Some exchanges have operated for years without encountering thefts like this. What’s the difference between the successful ones and the failures? I believe that the successful ones have a very different security posture from the failed ones. They take security more seriously and as a result, attacks against their systems fail.

If reports are to be believed, BitGrail used exclusively client-side constraints for controlling some critical user operations on the exchange. This is an astonishing security failure, though perhaps not the one that led up to the major losses. Would anyone have put a deposit in the exchange if they had known about this issue? I like to think that they wouldn’t.

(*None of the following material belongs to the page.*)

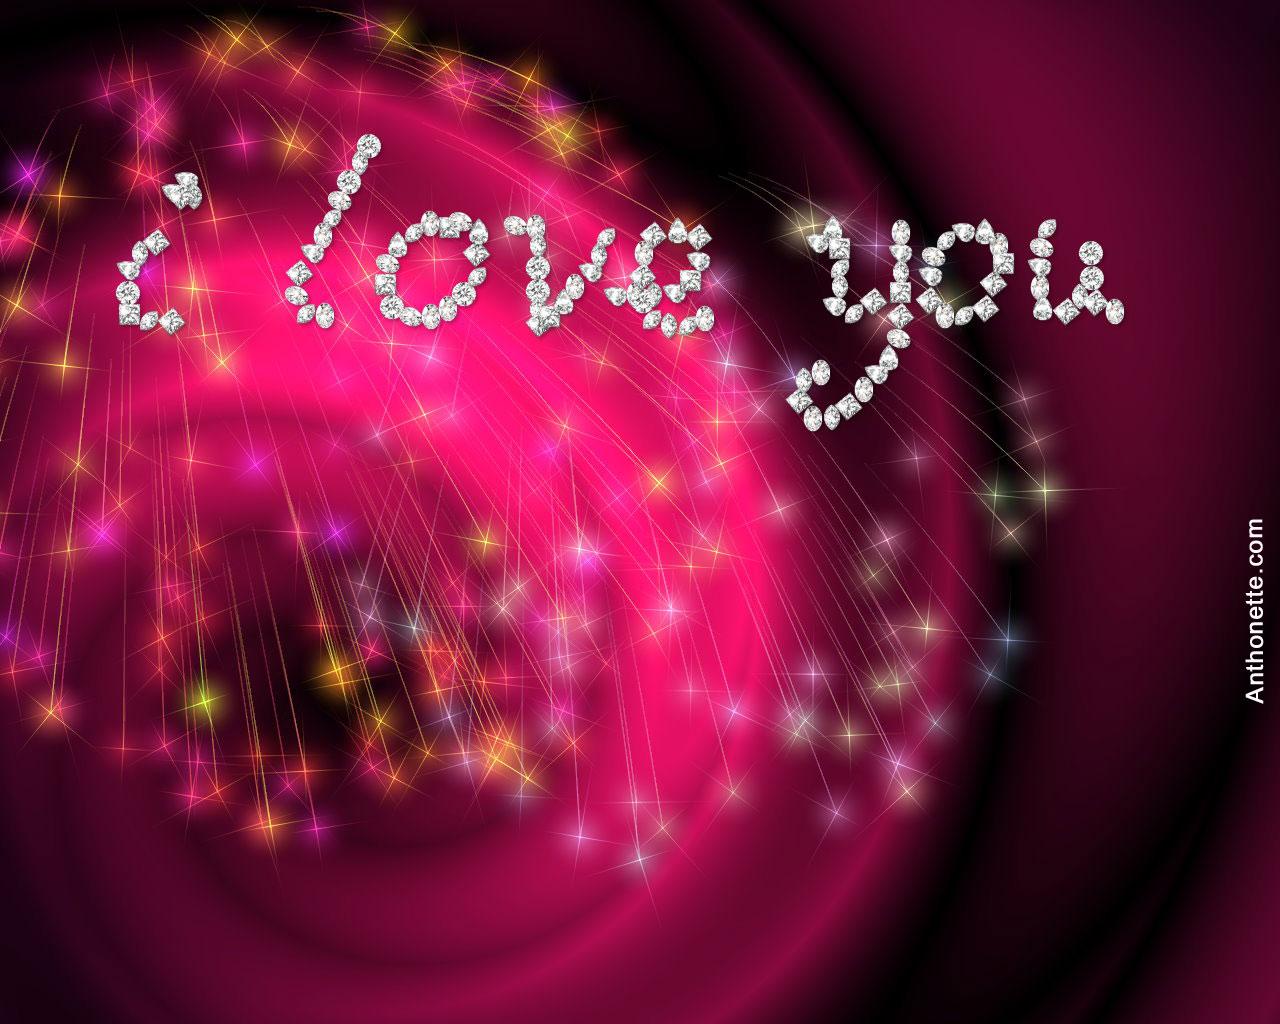 Wallpaper download love hd - I Love You Hd Wallpaper

Creating a new exchange is “easy” in the sense that the skills required to create a website and an order engine are not very unique. There are certain security shibboleths like “two-factor authentication” which anyone who’s used an exchange would know to include. But unfortunately merely including these features do not make the exchange “secure.” Creating a secure exchange is not easy. Securing an exchange requires special attention to both the exchange’s design and its operations.

Let’s make it better

Many people lost a great deal of money with this theft. Amazingly, BitGrail’s management claims to have a plan that involves re-opening the exchange!

How can we make it more obvious to users and exchange operators how big the gap is between the worst and the best exchanges?

If we could rate the exchanges according to some simple security criteria, it could help everyone understand the landscape better. I’ve created a Gitlab repo to author just such a rating system. I invite security professionals to collaborate on the rating system and help improve the situation for us all!